SUPPLIED RECORDS |

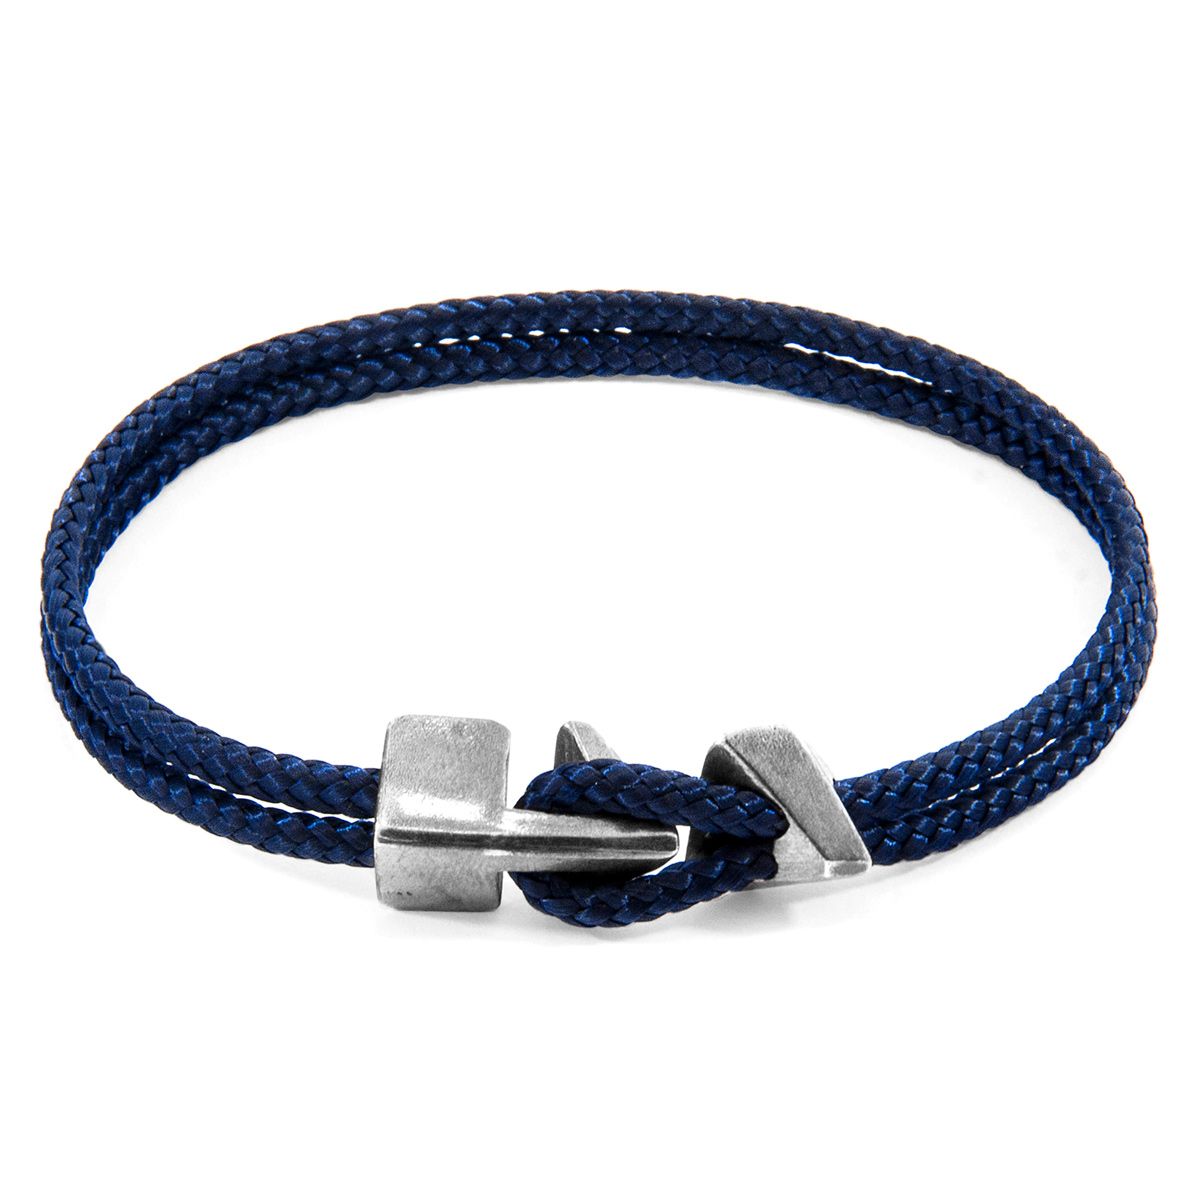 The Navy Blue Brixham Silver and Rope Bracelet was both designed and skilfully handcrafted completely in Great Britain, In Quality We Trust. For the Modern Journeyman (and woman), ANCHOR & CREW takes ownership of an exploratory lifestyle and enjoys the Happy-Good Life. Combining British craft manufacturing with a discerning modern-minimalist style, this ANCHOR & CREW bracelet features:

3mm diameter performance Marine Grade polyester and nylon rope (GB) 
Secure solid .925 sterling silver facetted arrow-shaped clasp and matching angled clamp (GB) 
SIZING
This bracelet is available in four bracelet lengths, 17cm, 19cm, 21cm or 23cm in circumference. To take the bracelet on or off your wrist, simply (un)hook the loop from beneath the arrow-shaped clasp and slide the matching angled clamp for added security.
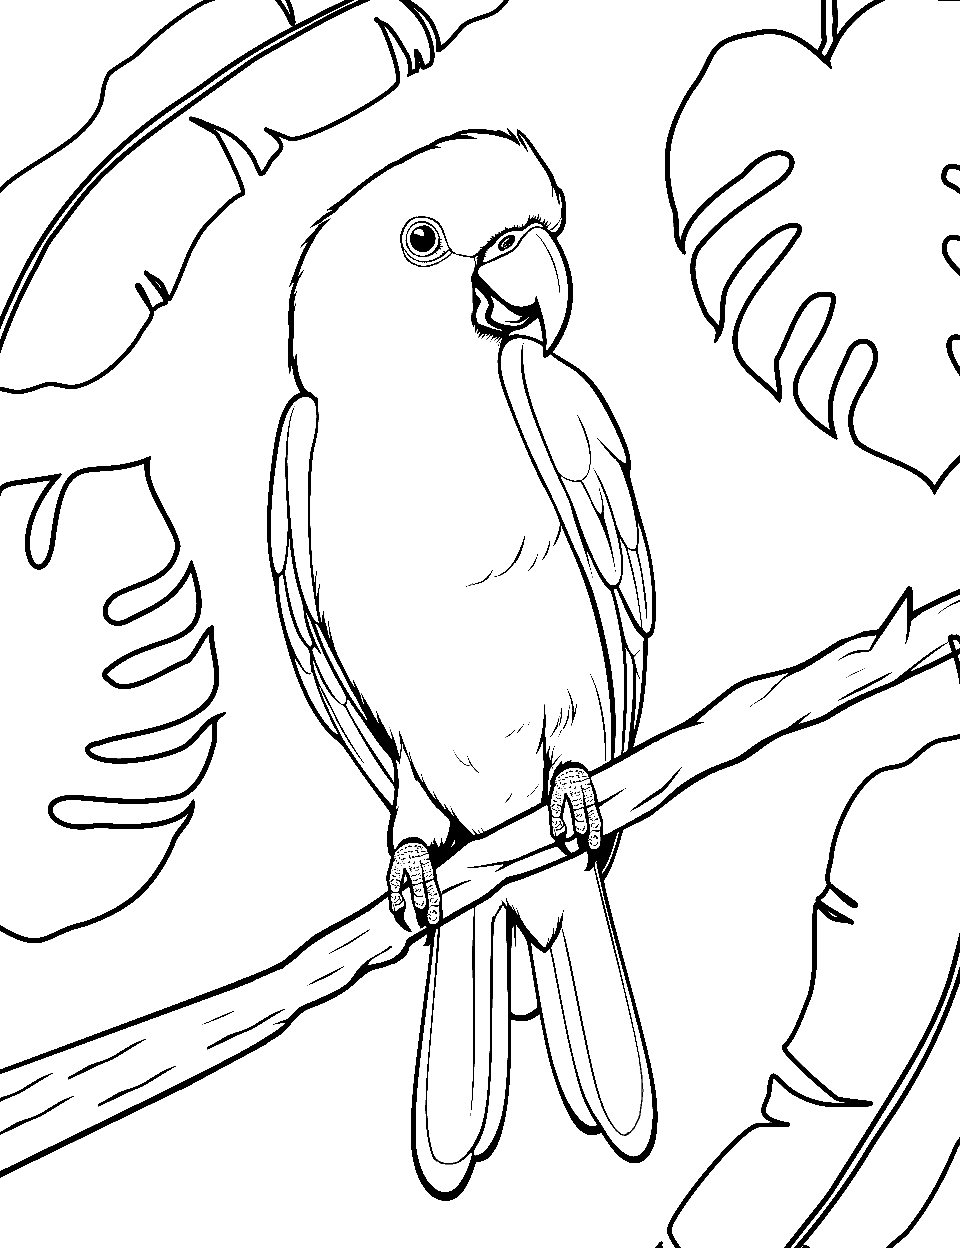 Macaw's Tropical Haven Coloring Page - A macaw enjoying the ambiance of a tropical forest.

--

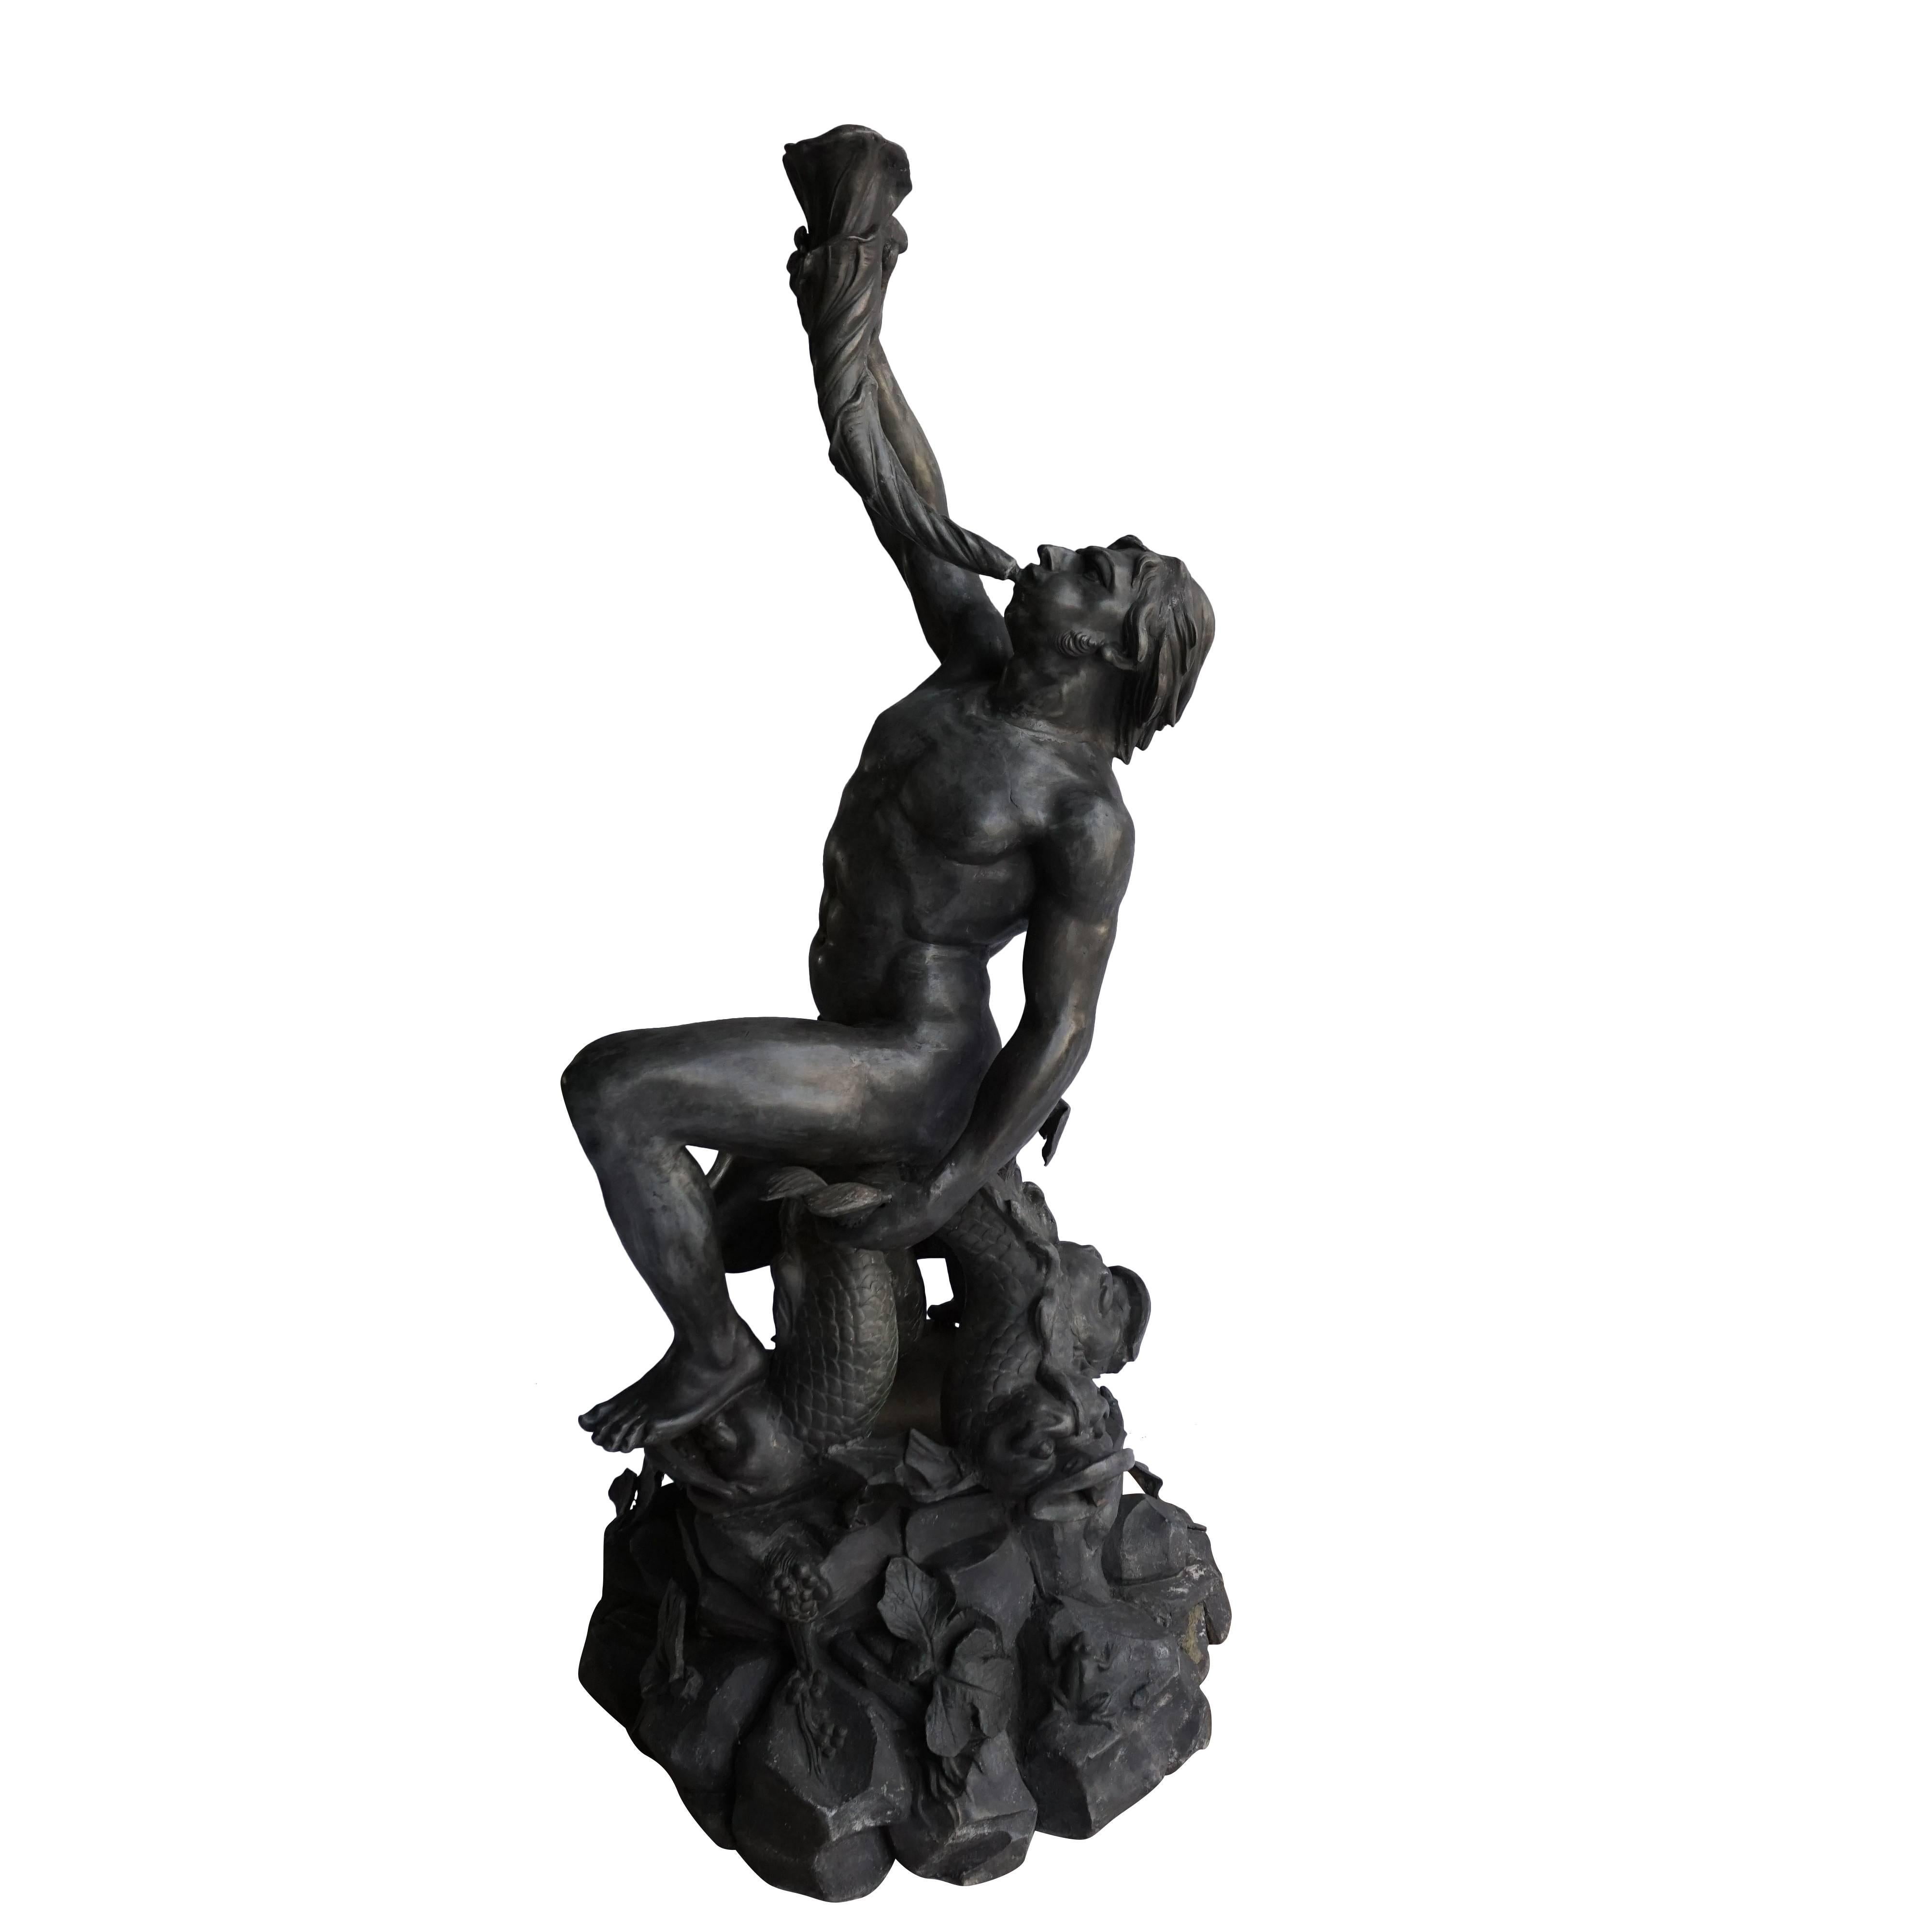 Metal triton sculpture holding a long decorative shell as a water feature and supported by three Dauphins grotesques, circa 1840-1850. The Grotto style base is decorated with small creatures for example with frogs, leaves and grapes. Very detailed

WHAT YOU NEED TO DO | Using the data above, set down each line from the line with "3mm diameter performance" to the line with "Macaw's Tropical Haven" exactly, both ends included, and leave the pictures behind. Nothing else belongs.

EXERCISE RESULT |
3mm diameter performance Marine Grade polyester and nylon rope (GB) 
Secure solid .925 sterling silver facetted arrow-shaped clasp and matching angled clamp (GB) 
SIZING
This bracelet is available in four bracelet lengths, 17cm, 19cm, 21cm or 23cm in circumference. To take the bracelet on or off your wrist, simply (un)hook the loop from beneath the arrow-shaped clasp and slide the matching angled clamp for added security.
 Macaw's Tropical Haven Coloring Page - A macaw enjoying the ambiance of a tropical forest.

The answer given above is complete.